Pretty sure they just used road lugs on that one forcing the 74 head angle. Not surprisingly, they ride pretty weirdly too.

Didn't they have to change the name on that one mid-way through the year? And was that really made in the US?


----------



## First Flight (Jan 25, 2004)

The Force 1 became the Mt Hood since there were trademark issues with the Force 1 name (not sure with who though??). The Force 1 was the first bike made in Allentown with cantilever brakes. Gotta remember that back in this era, Huffy and Murray were still made in the US as well.


----------



## bushpig (Nov 26, 2005)

Beautiful lugwork :|


----------



## kb11 (Mar 29, 2004)

Nice Jeff :thumbsup:  I have good memories from that bike


----------



## outside! (Mar 15, 2006)

That was the first MTB I ever saw or heard of. My new roommate in college showed up with one in 1983 (Hey Chris!). He let me ride it a few times.
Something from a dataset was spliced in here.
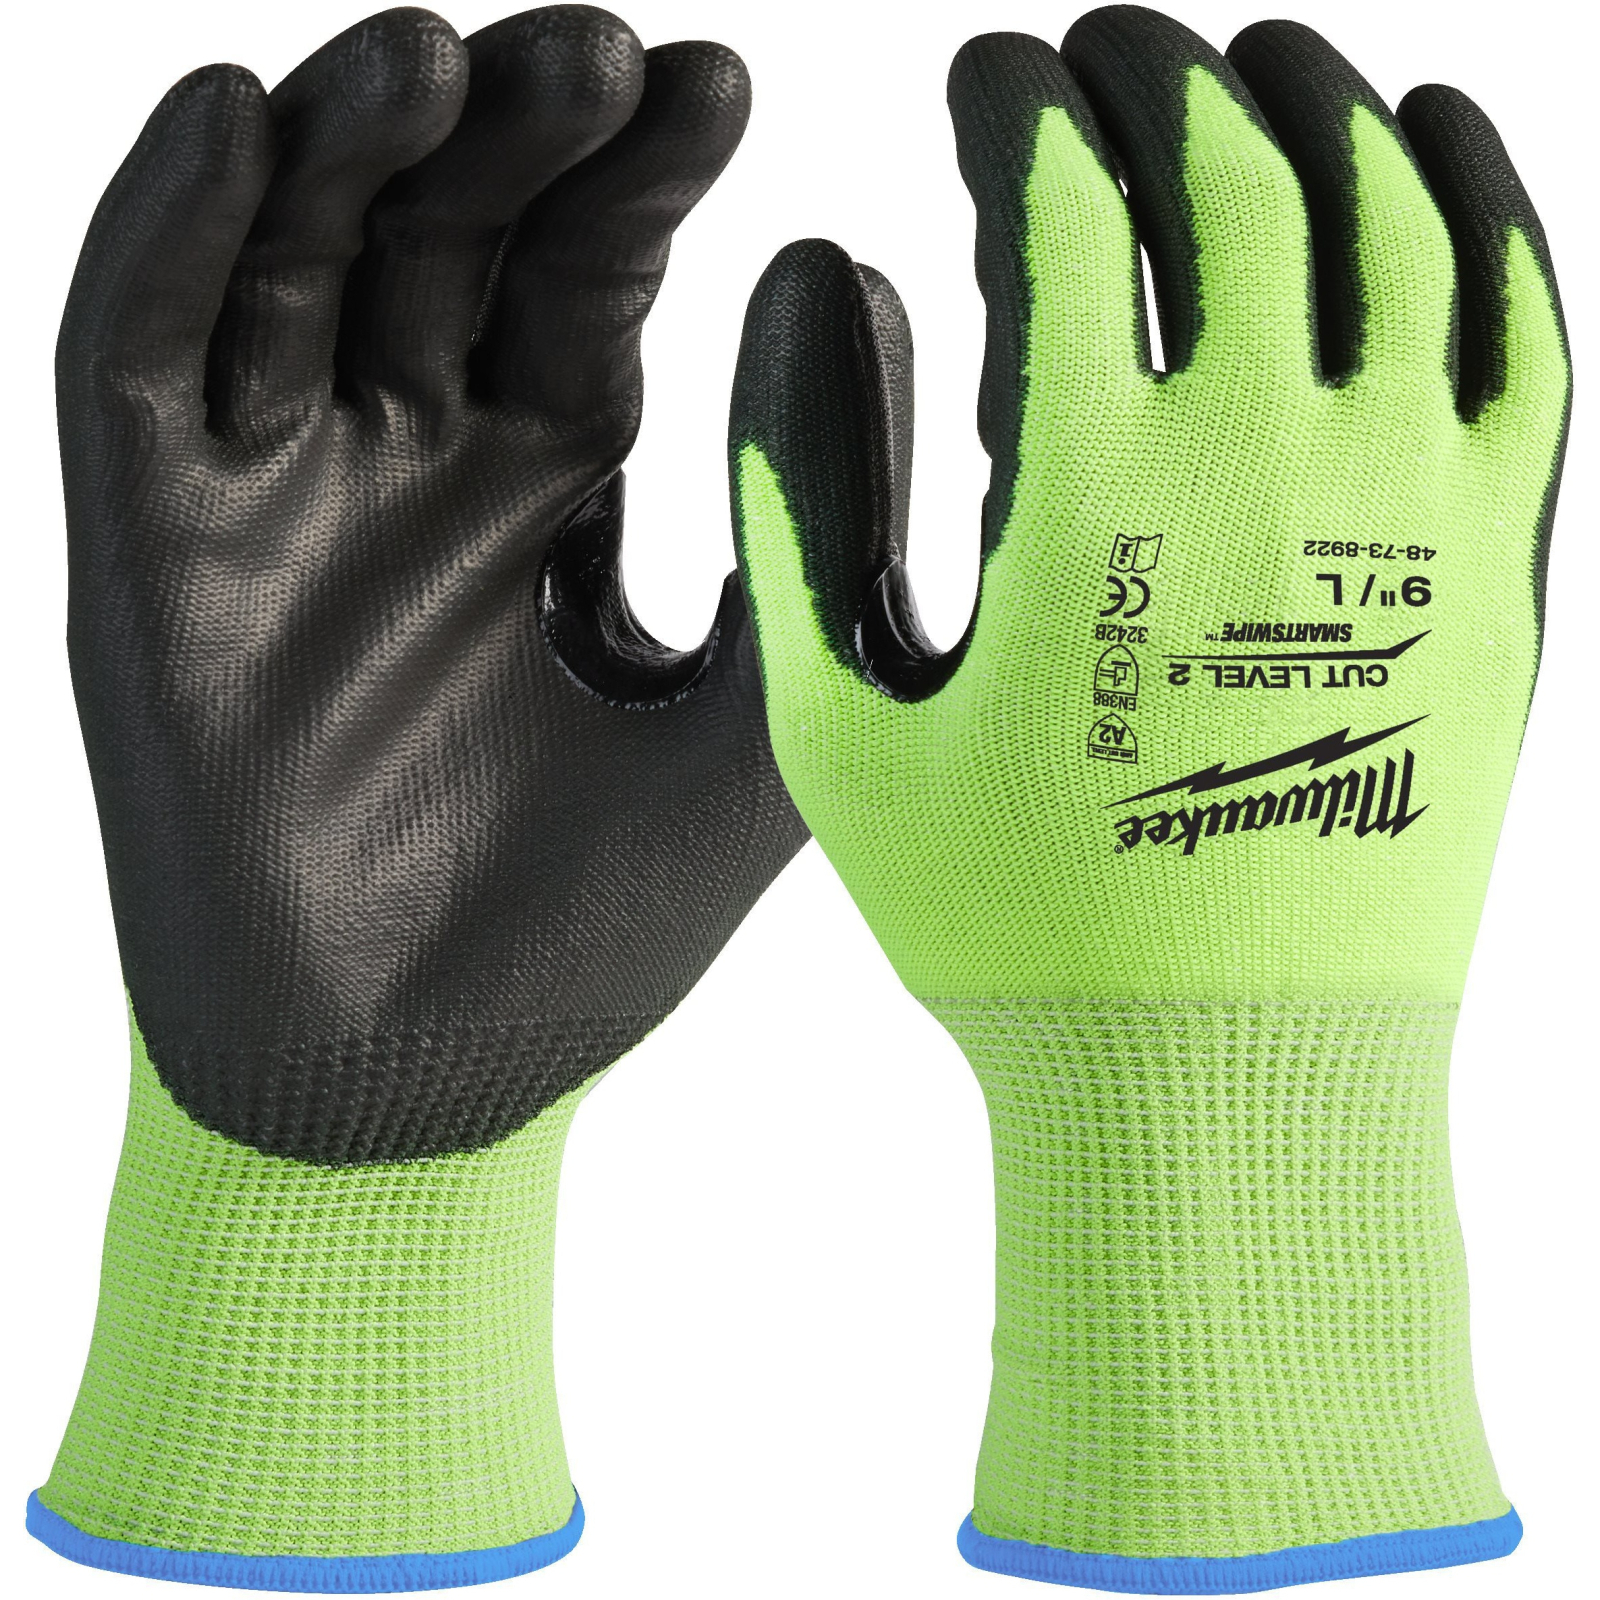 Защитные перчатки Milwaukee сигнальные с уровнем сопротивления порезам 2, L/9 (4932479923)

I only jumped it off that flight of steps in front of our dorms a few times (sorry Chris), but I never wrecked it or hurt it that I know of. I was amazed that it cost more than my 1963 Impala cost me. I used to think he was insane for riding that thing to the top of a small local mountain. A few years later, I was doing the same on my first Stumpjumper.


----------



## manida (Feb 5, 2008)

my 1984 Ross Mt. Whitney 1x7 BMXish build


----------



## mewholobo (Nov 24, 2006)

*Original Ross Force 1 Poster*

I have the original Ross Force 1 advertising poster!


----------



## rismtb (Dec 11, 2012)

Early mtb'ing love it! If you were into it back then in 83 you were fit. Fully ridgid fit. Not like the full suspension cheater couch potatoes of today. H aha great ad, little does it explain the rider had a fishing rod in his back pocket and is going to get dinner after finding a camping spot down stream. ha ha fun and adventure like no other.


----------



## 83stumpjumper (Feb 14, 2011)

The Ross name did not invoke visions of high quality bikes. They were one of the first companies to jump on the new MTB craze that was just picking up steam in 1983. I remember this bike well with it's ugly gold rims. I guess if you couldn't afford a Stumpjumper Sport, you bought a Ross.


----------



## Oldfatbaldguy (Nov 4, 2010)

My first MTB was a 1984 Ross. Because my car at the time wasnt trustworthy enough to make the trip to a bigger town, it was a choice between Ross, Schwinn (Sierra) Huffy and Murray.

Low Quality? Perhaps, compared to the names available elsewhere, but we're still talking Chromoly, a Sugino-made copy of the TA/Stronglite crank, Suntour der's and shifters, and Araya rims (crappy hubs, though). 

The Schwinn Sierra didnt seem like much of a step up from the 3-speed Typhoon I was riding (and pushing).

Today I own a Rocky Mountain 29'er, a Surly Pugsley, a Fuji CX/roady, and a couple of home-built Klunkers, but I still ride that Ross from time to time.


----------